I don't think those replies do not show what the OP asks to show. The OP wants to know how to use the power series to demonstrate periodicity of the functions. Showing that the power series satisfy some other definition of cos and sin presumably defeats the purpose of the question.
nekronaut said:
Are you talking about the Taylor series expansion of sin and cos?
If you are talking about them, then the period must be 2pi since the Taylor expansion is based on the use of radians as a measure of angles.
If something is periodic you can always check if f(x) = f(x+kP) where P is the period and k=0,1,2,3...
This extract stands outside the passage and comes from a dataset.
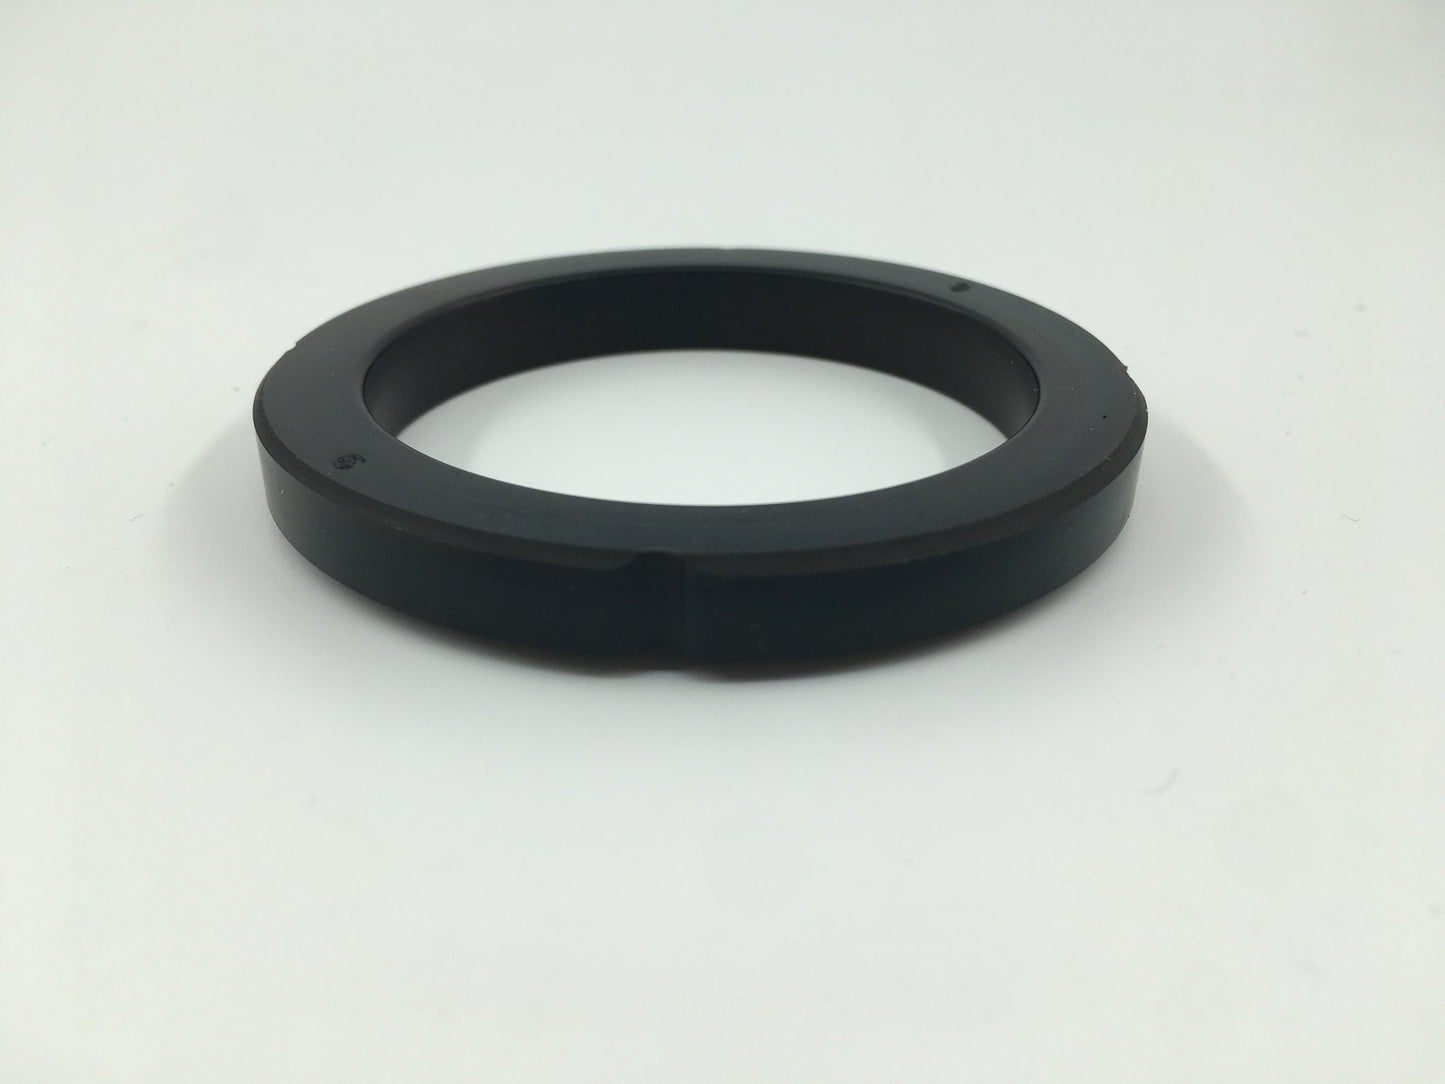 Group Seal - La Marzocco 9mm group gaskets

All you know are that you have some functions s(x) and c(x), defined by their power series. x is just a dimensionless argument. It need not be interpreted as a radian. Even if you did interpret it as a radian, you cannot automatically deduce the period is 2\pi. \tan\theta's argument is in radians, but its period isn't 2\pi.
jbunniii said:
Show that the series expansions satisfy the differential equation that uniquely defines sine and cosine:
y'' = -y
sine is the unique solution satisfying y(0) = 0 and y'(0) = 1.
cosine is the unique solution satisfying y(0) = 1 and y'(0) = 0.
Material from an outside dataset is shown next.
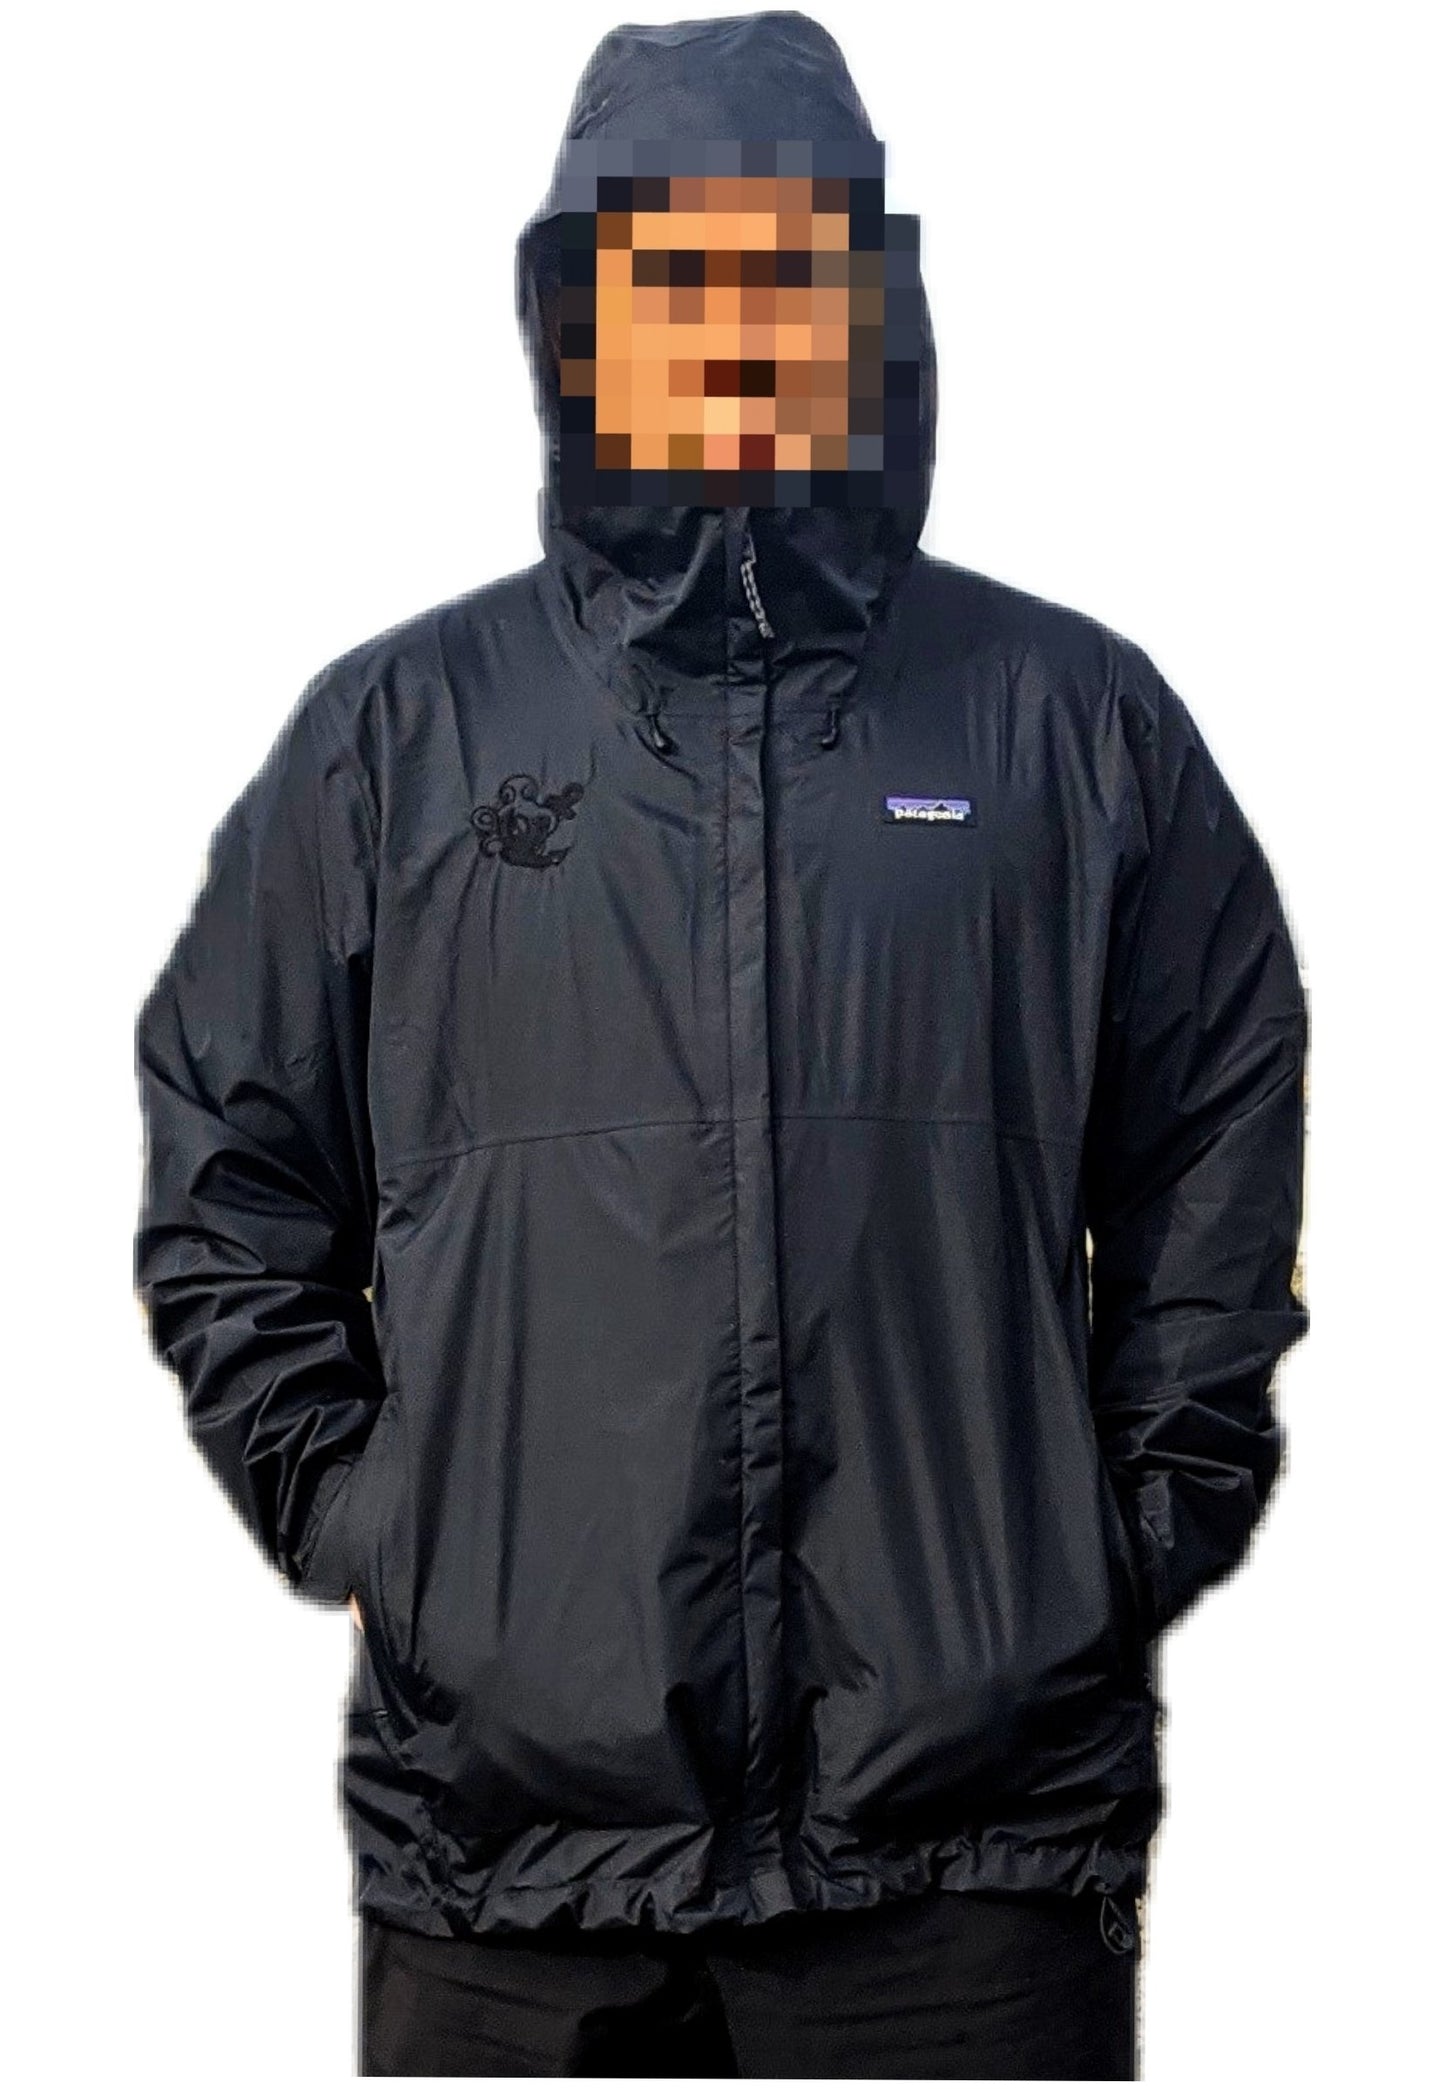 Foul Weather Jacket - The Chits Inn

You can differentiate the series term by term because they are power series that converge everywhere.
Again, in terms of the OP's problem, that shows the functions s(x) and c(x) satisfy that differential equation, but under the conditions of the problem we don't know about the functions sin or cos, so this is in some sense the first discovery of these functions, and we haven't proven periodicity yet. Of course, perhaps this is the way it actually gets done - the method which I think the OP is asking for (see below) looks intractable to me.For the OP: what I might try, in place of showing the power series satisfy some other definition of sine or cosine, is to use the definition of periodicity, f(x + P) = f(x) and the binomial expansion. e.g.,
s(x+P) = \sum_{k=0}^\infty \frac{(-1)^k(x+P)^{2k+1}}{(2k+1)!} = \sum_{k=0}^\infty \sum_{m=0}^{2k+1} \frac{(-1)^k}{(2k+1)!}\frac{(2k+1)!}{m!(2k+1-m)!} x^m P^{2k+1-m}
I would then switch the order of summation (you'll have to figure out how to change the limits appropriately), and write the series as
\sum_{m=?}^? \frac{x^m}{m!}\left[\sum_{k=?}^{?} \frac{(-1)^k}{(2k+1-m)!} P^{2k+1-m}\right]
Then, show that for P = 2pi this reduces to the original series. In principle I think this should work, but in practice it may be too hard to do. A quick attempt at it give me a hypergeometric function for the inner function, and good luck dealing with that... especially since there's a cosine in the argument! I may have screwed something up, though.